Jika freedom from sudah terlaksana maka freedom to (bebas untuk) bisa diwujudkan. Freedom to adalah kebebasan untuk bertindak, berpikir, dan hidup sesuai dengan keinginan kita. Freedom to merupakan kebebasan bersifat positif. Artinya segala macama hak yang kita miliki bisa kita afirmasi.
Kebebasan untuk menikmati hidup damai, akses sekolah, lingkungan yang aman, dan menentukan masa depan yang cemerlang adalah bagian dari bentuk kemerdekaan kedua ini.
Dari Merdeka Menuju Damai
Intoleransi adalah salah satu perusak dan penghancur dua macam kemerdekaan (dari dan untuk) itu. Ia secara diam-diam bisa menggerogoti rasa nasionalisme setiap anak bangsa. Dengan paham, bahwa orang yang berseberangan dengan dirinya adalah musuh; dengan keyakinan bahwa pemerintahan dan sistem politik sekarang adalah taghut; dengan doktrin bahwa pancasila dan UDD 1945 tidak sesuai dengan hukum Tuhan, seseorang bisa saja menyerang, membuat terror, dan menyebar ketakutan.
Kemerdekaan tanpa dua kebebasan di atas itu bukanlah kemerdekaan. Dengan aksi terorisme orang tidak dengan nyaman bekerja; dengan ada ancaman, orang tidak bisa mencicipi kehidupan yang damai; dengan menyebar ketakutan, manusia tidak bisa beraktivitas dengan aman.

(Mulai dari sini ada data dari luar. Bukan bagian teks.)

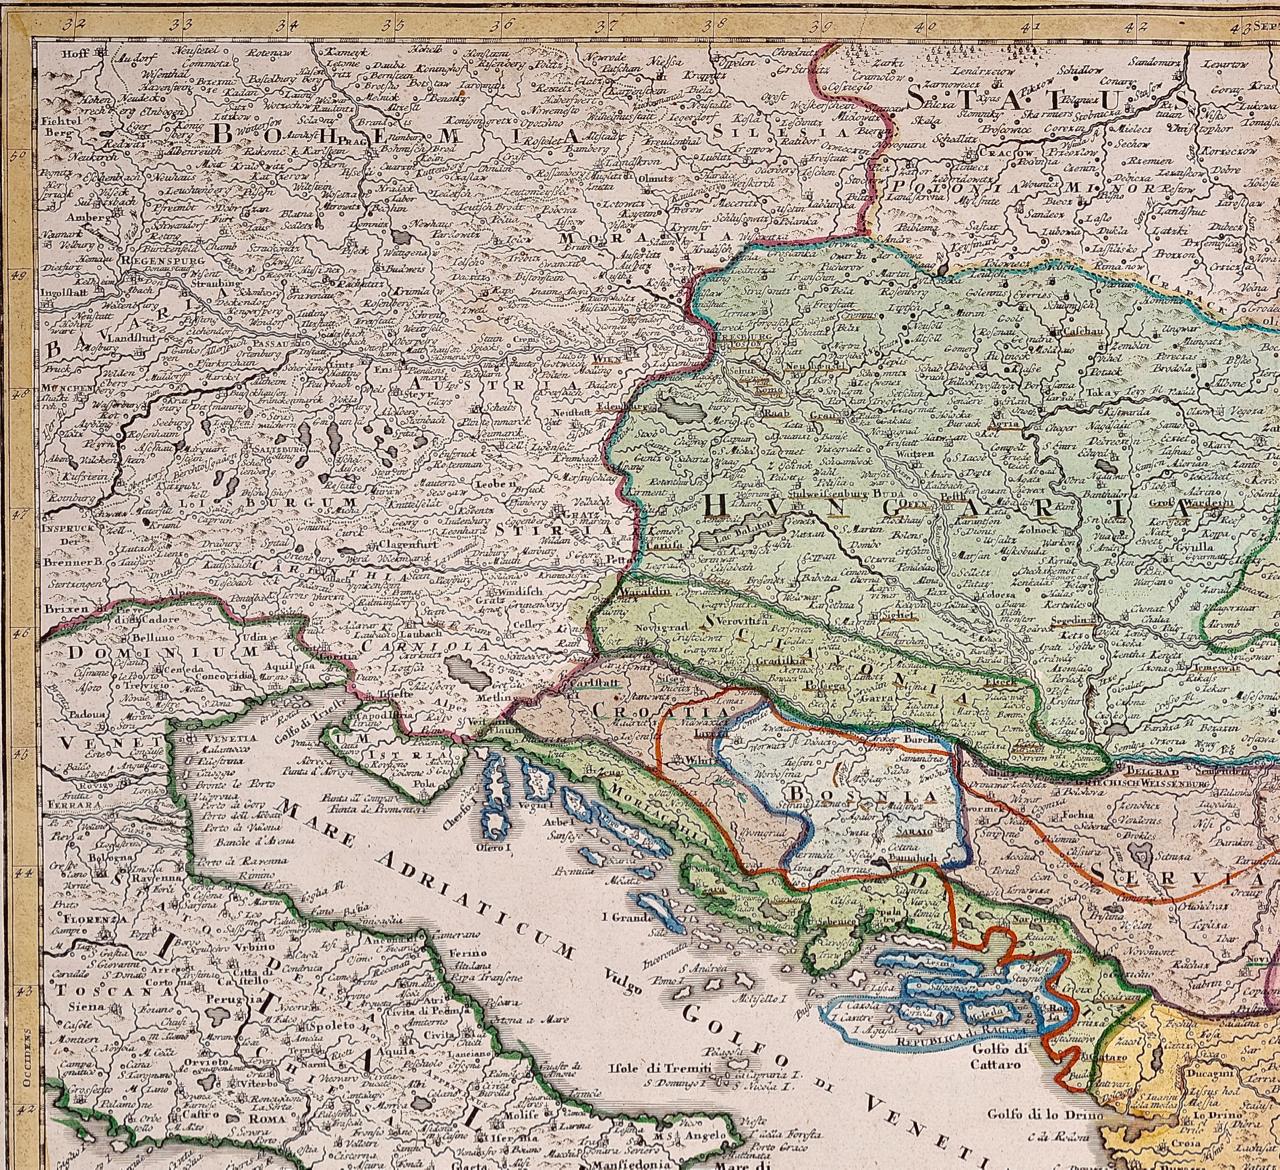 Danube- Fluss, Italien, Griechenland und Kroatien: Eine handkolorierte Karte von Homann aus dem 18. Jahrhundert  – Print von Johann Baptist Homann

Mewujudkan Indonesia damai tidak bisa kecuali melawan wabah intoleransi dan segala turunannya. Kita harus memupuk semangat kita bersama untuk melawan wabah intoleransi demi terwujudnya Indonesia damai. Ini adalah tantangan bagi kita semua. Indonesia mungkin sudah terbebas dari belenggu penjajahan, akan tetapi kita belum sepenuhnya terbebas dari belenggu virus intoleransi.